Work required: Would you retype exactly the lines below, starting with the one that has "Store closing sign" and going on through the one that has "SOLIDWORKS CAM main page", with no pictures and nothing else?

Provided records:

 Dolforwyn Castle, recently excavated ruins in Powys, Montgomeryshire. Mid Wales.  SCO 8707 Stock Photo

* * *

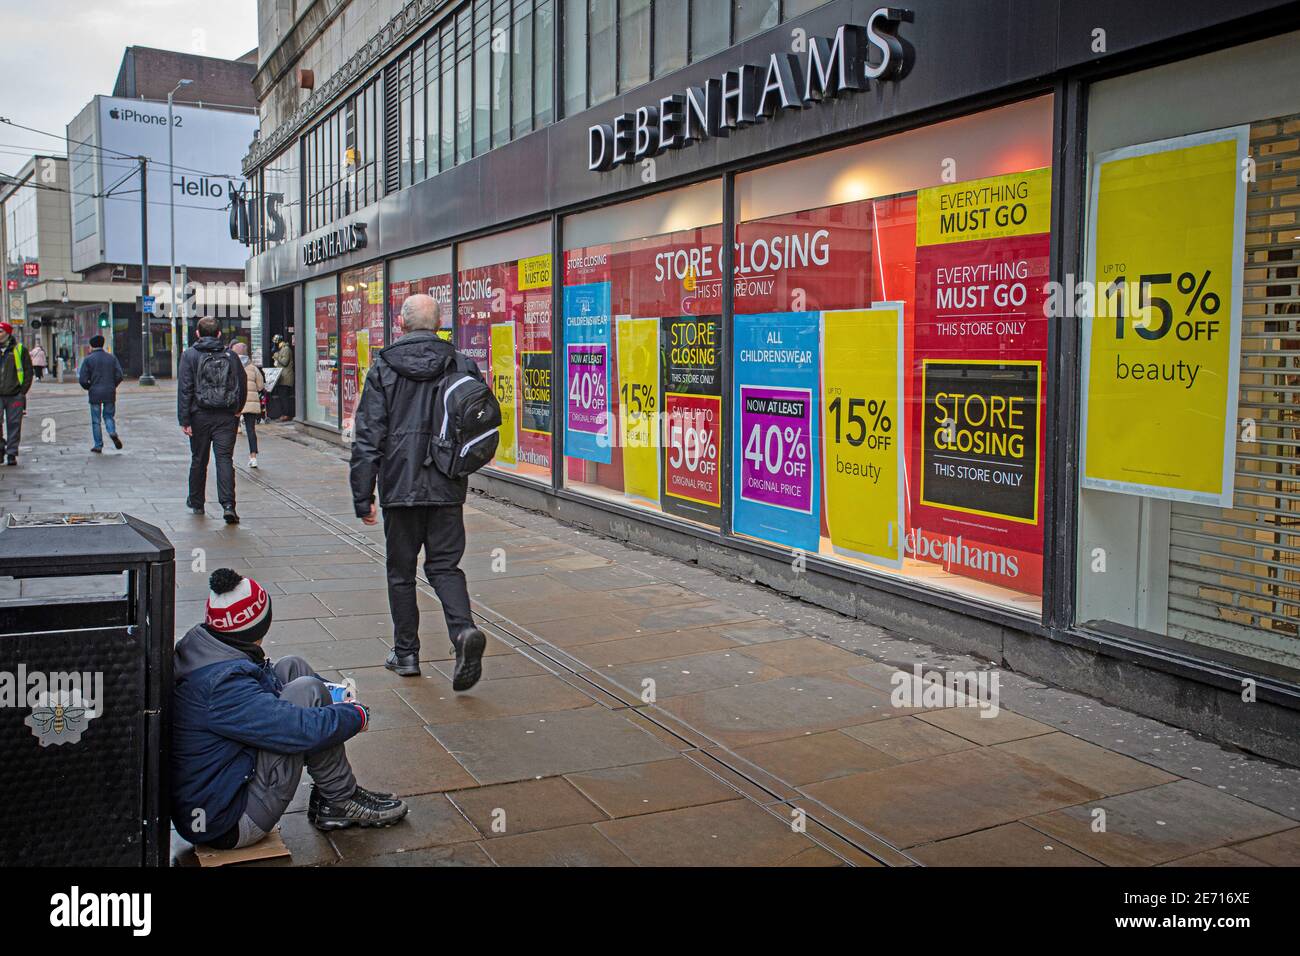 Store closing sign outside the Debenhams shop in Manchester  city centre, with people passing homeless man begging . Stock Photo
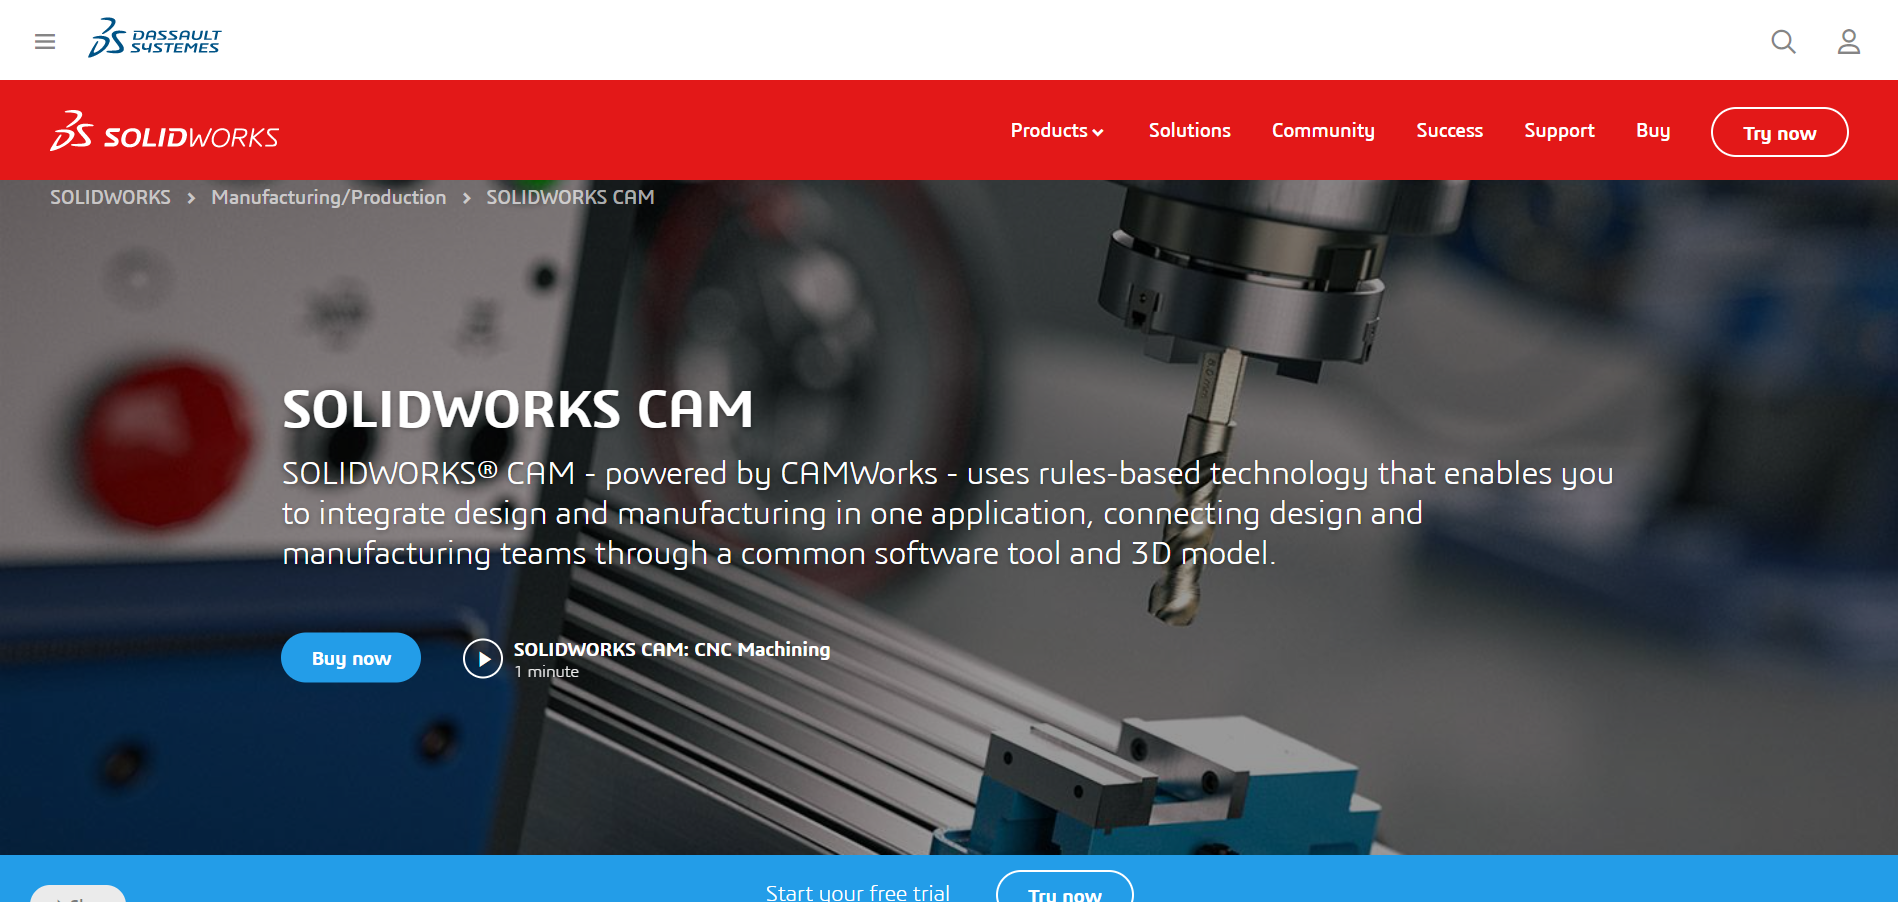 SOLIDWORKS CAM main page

Solution to the exercise:
 Store closing sign outside the Debenhams shop in Manchester  city centre, with people passing homeless man begging . Stock Photo
 SOLIDWORKS CAM main page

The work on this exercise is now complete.